SteerViT is a direct operationalization of the idea that text can serve as a steering vector for visual representations — closely paralleling work on contrastive activation averaging and concept vectors in LLM interpretability. Key connections:

  1. Concept vectors via text. The gated cross-attention layers effectively compute text-conditioned perturbations to the ViT’s residual stream: $\Delta Z_v^{(\ell)} = \tanh(\alpha_\ell) \cdot \hat{Z}_v^{(\ell)}$. This is structurally analogous to activation steering in LLMs, where a concept vector is added to intermediate activations. The gate $\alpha_\ell$ plays the role of a steering coefficient that can be tuned at inference.

  2. Zero-init as identity preservation. Initializing $\alpha_\ell = 0$ ensures the perturbation starts as the zero vector and is gradually learned — a safety property analogous to activation addition starting from zero magnitude.

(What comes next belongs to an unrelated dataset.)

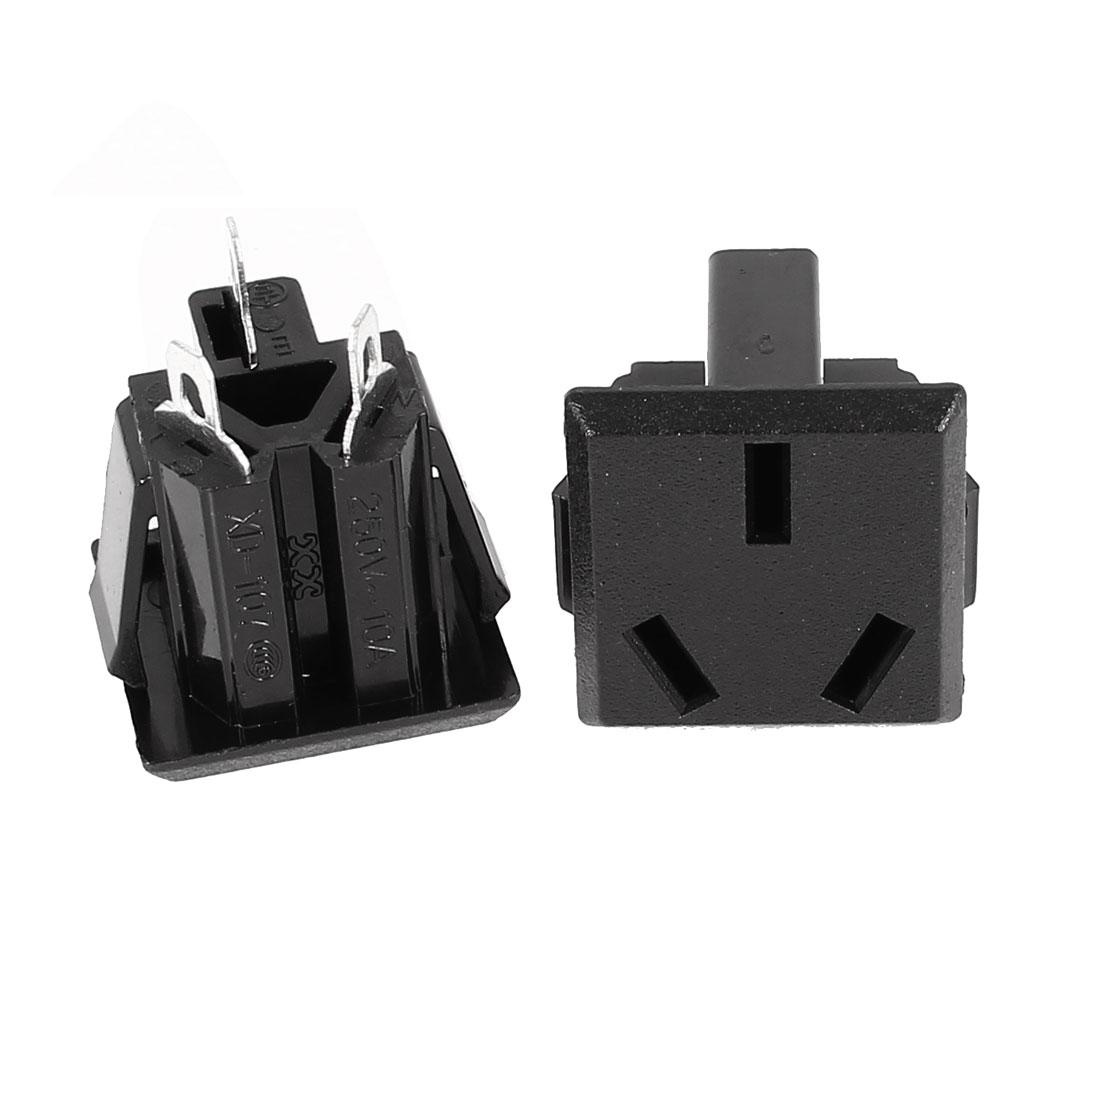 2 Pcs Square Shaped AU 3 Terminals Power Socket Adapter AC 250V 10A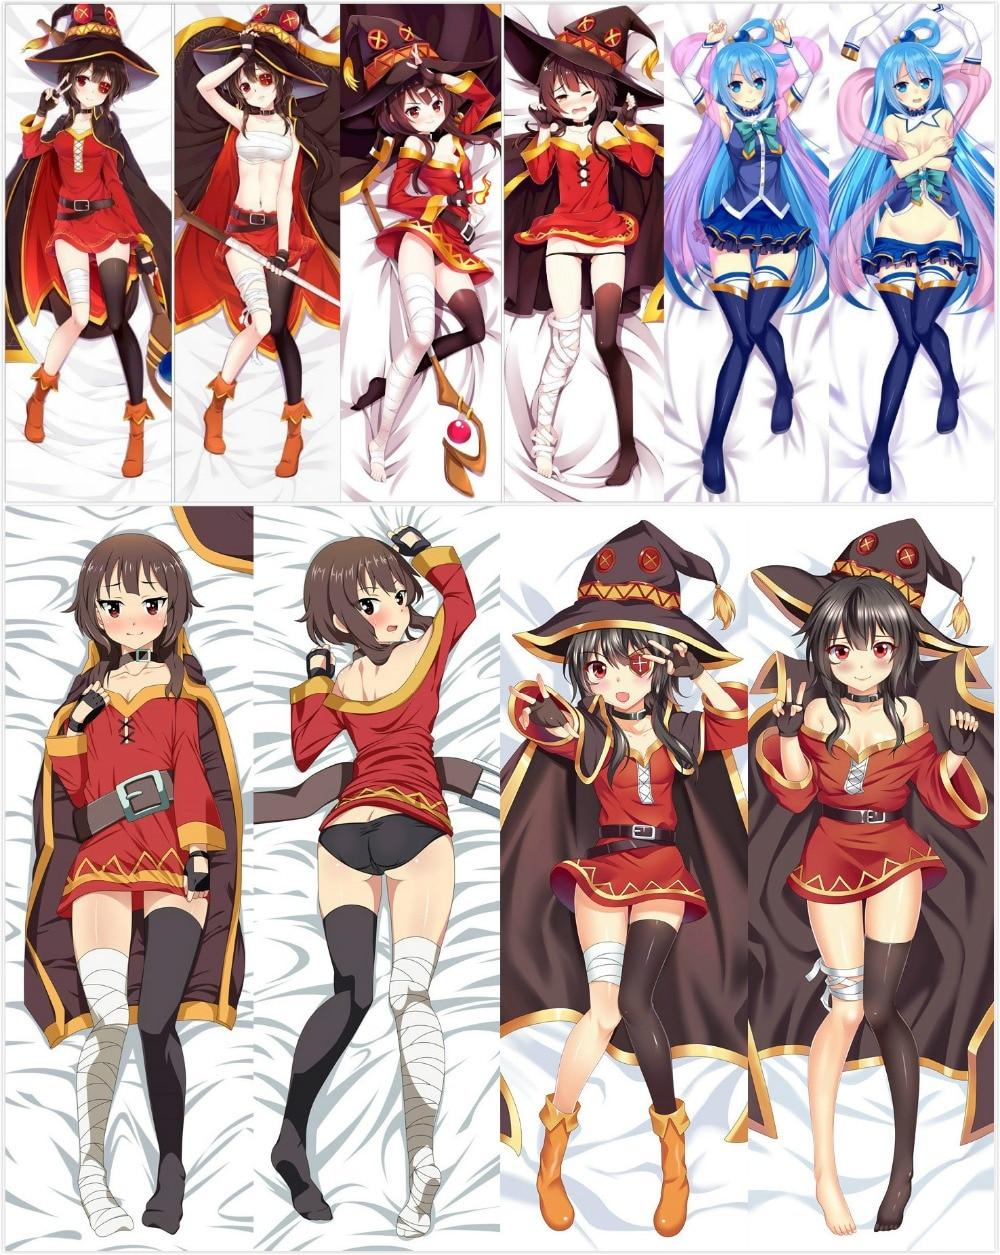 New KonoSuba Dakimakura Megumin Anime Hugging Body Pillow Case Covers

The gradient $\mathrm{sech}^2(0) = 1$ guarantees the gate receives learning signal from the start.

  3. Early fusion vs. late fusion is critical. The paper demonstrates empirically that post-hoc feature manipulation (late fusion, adding text embeddings to frozen visual features) provides negligible steerability (+0.02% for CLIP). This mirrors findings in mechanistic interpretability that adding concept vectors to final-layer representations is less effective than intervening at intermediate layers. Early fusion (injecting text at layers 1, 3, 5, 7, 9, 11) allows steering to propagate through the network’s processing hierarchy.

  4. Embedding space reorganization. The UMAP visualizations (Fig. 9) show SteerViT can restructure the embedding topology along semantic hierarchies (“animal” merges animal classes), specific categories (“bird” separates birds), and compositional attributes (“eye” groups all animate classes). This is essentially attribute-level activation steering applied to vision — conditioning on a concept reshapes the representation manifold.

  5. Steerability is text-dependent, not artifact. The random-prompt ablation (Tab. 7) shows SteerViT drops 47.7 points when given incorrect text, while CLIP/SigLIP show zero sensitivity. This is the visual analog of showing that steering vectors have direction-dependent effects in LLMs.

  6. Scalability and efficiency. At 21.2M parameters (vs. $\geq$1B for MLLMs), SteerViT demonstrates that lightweight cross-attention adapters are sufficient for rich vision-language steering — suggesting similar adapter-based architectures could enable efficient concept steering in other modalities.

Key Limitations

  • Requires paired image-text data for the referential segmentation pretext task (2.28M pairs from existing datasets, not zero-shot).
  • Best results on DINOv2 backbone; MAE and SigLIP start from weaker baselines.
  • Anomaly segmentation cannot predict certain defect types (e.g., flipped metal nut) with zero-shot approach.
  • No code released as of publication.